Killer Joe and the Zombie Subpoenas That Aren’t

Over the years we’ve covered a lot copyright litigation, but perhaps the most unpleasant kind is when accusers twist and pervert courts or the law to get what they want.

While most twist the law in grouping large numbers of anonymous John Does into a lump to cut down on court costs and time, courts are increasingly becoming wise, even if people have been warning about it for five years or more.

Some courts are still allowing these cases (notably ex-lobbyist Judge Beryl Howell), but others are getting wise, and denying it.

The Northern District of Georgia is one Federal Court that had rapidly moved into the latter category. In addition to allowing discovery for the defense against perhaps the most notorious of entities in this area – Prenda/AF holdings/etc. – in a hearing last week, they’ve put the brakes on mass joinder there.

A case brought by Killer Joe Nevada, on behalf of the film “Killer Joe”, has hit the brakes there, in the hands of the Chief Judge, Julie E Carnes. While a subpoena was initially granted in the case on May 3rd 2013, soon after (May 28th) it was withdrawn for all but Doe 1, and the remaining Does (2-81)  dropped for misjoinder, and the subpoenas nullified.

However, no-one seems to have told the ISPs that. While eager to get the subpoena to the ISPs to get the details, the same zeal seems not to have been applied in telling those same ISPs to stop. That’s because at least three different people have apparently contacted just one attorney, Blair Chintella, about this case, after being notified by their ISP, after May 28th.

When three individuals reach out to just one lawyer, odds are there’s more out there reaching out to others, and we’ve not heard about it yet. And the court seems worried too, after being informed of this situation. In a June 18th order, Chief US District Judge Carnes:

REMINDS the plaintiff that discovery should have been discontinued and rescinded as to all defendants who were severed and dismissed. The Court DIRECTS the plaintiff to immediately contact the ISPs in each case to rescind and withdraw previously-issued subpoena for each such defendant.
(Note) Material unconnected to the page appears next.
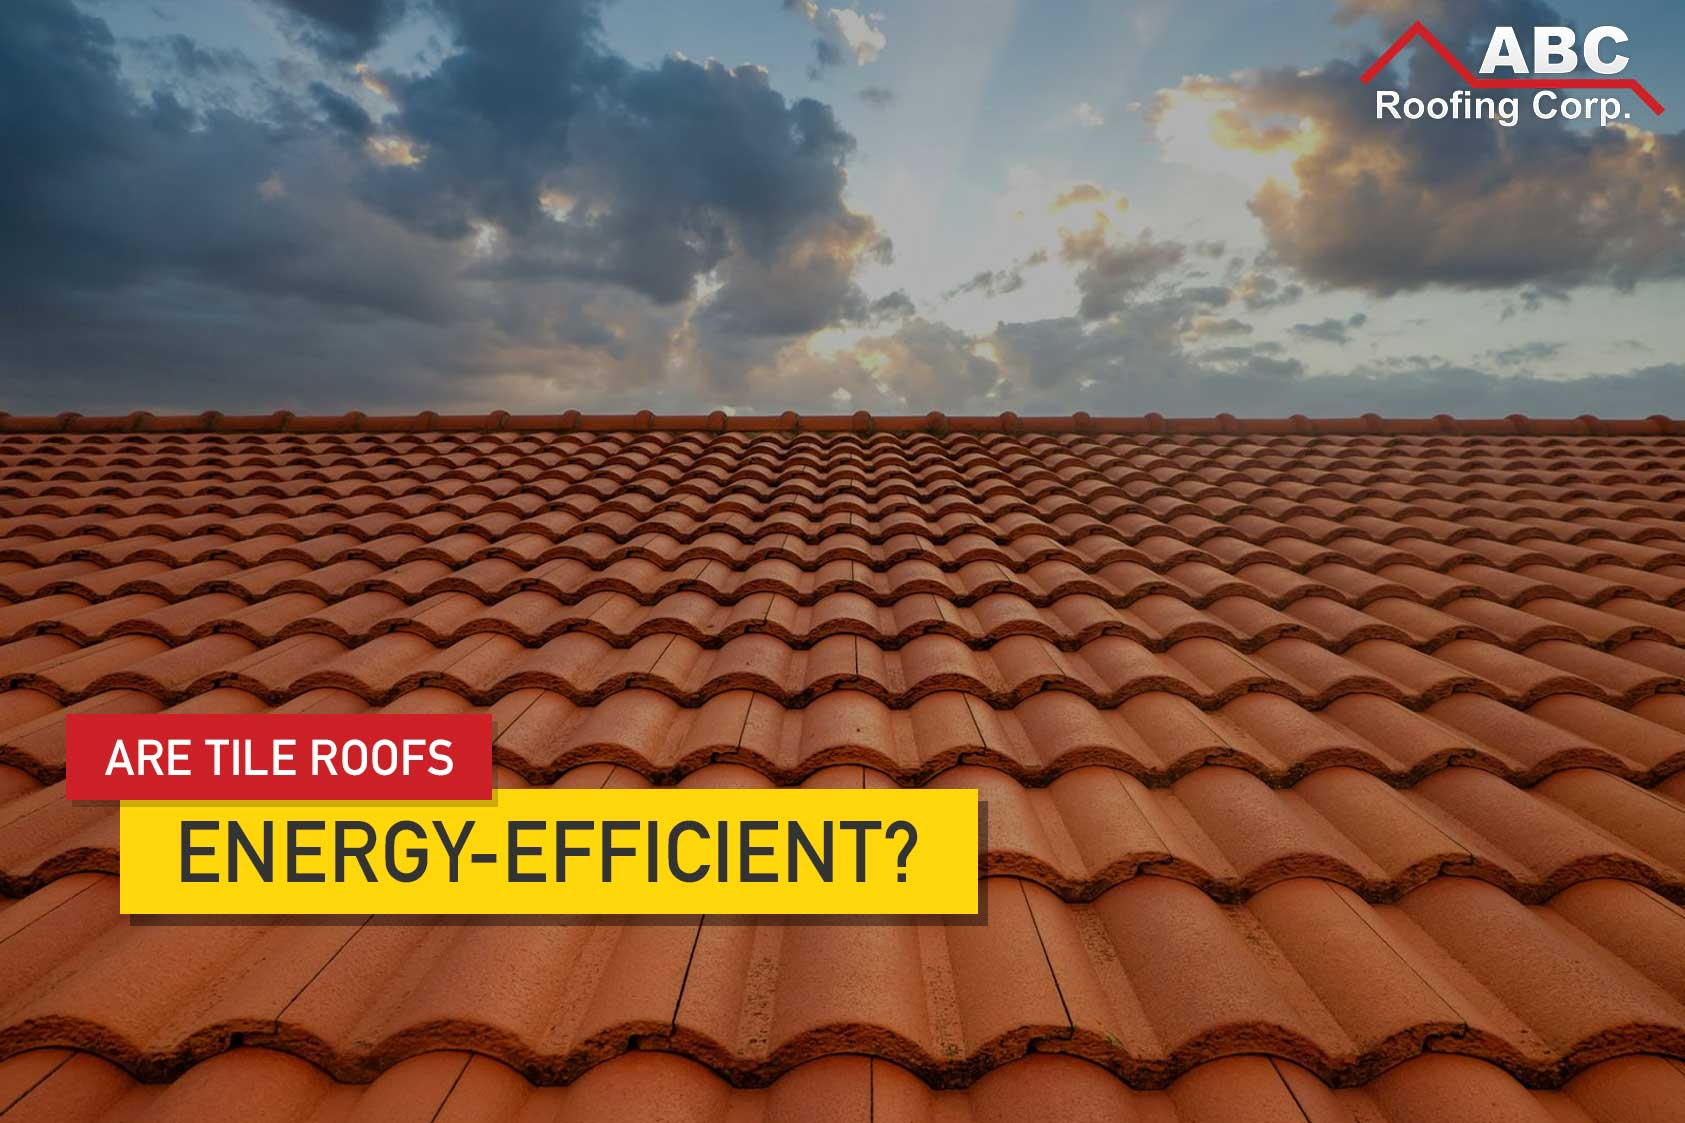 Tile Roofs Energy-Efficient

Further, any information that plaintiff may have obtained through these subpoenas must be returned.

Plaintiff shall ensure that this information is communicated to each ISP by June 25, 2013 and shall report back to the Court by July 1, 2013, providing copies of these letters to each ISP, as well as a report as to its compliance with this Order.

While we’ve yet to see or hear the results of that order, we remind anyone who has been targeted in this case, or any others, that under no circumstances should you directly contact a company with a John Doe suit proceeding against you, if you intend to fight it.

Most people doing so give their name and address and thus give them what they want. At the very least, consult an attorney. A list of attorneys who may be willing to look at the case can be found at the EFF site, along with some basic advice.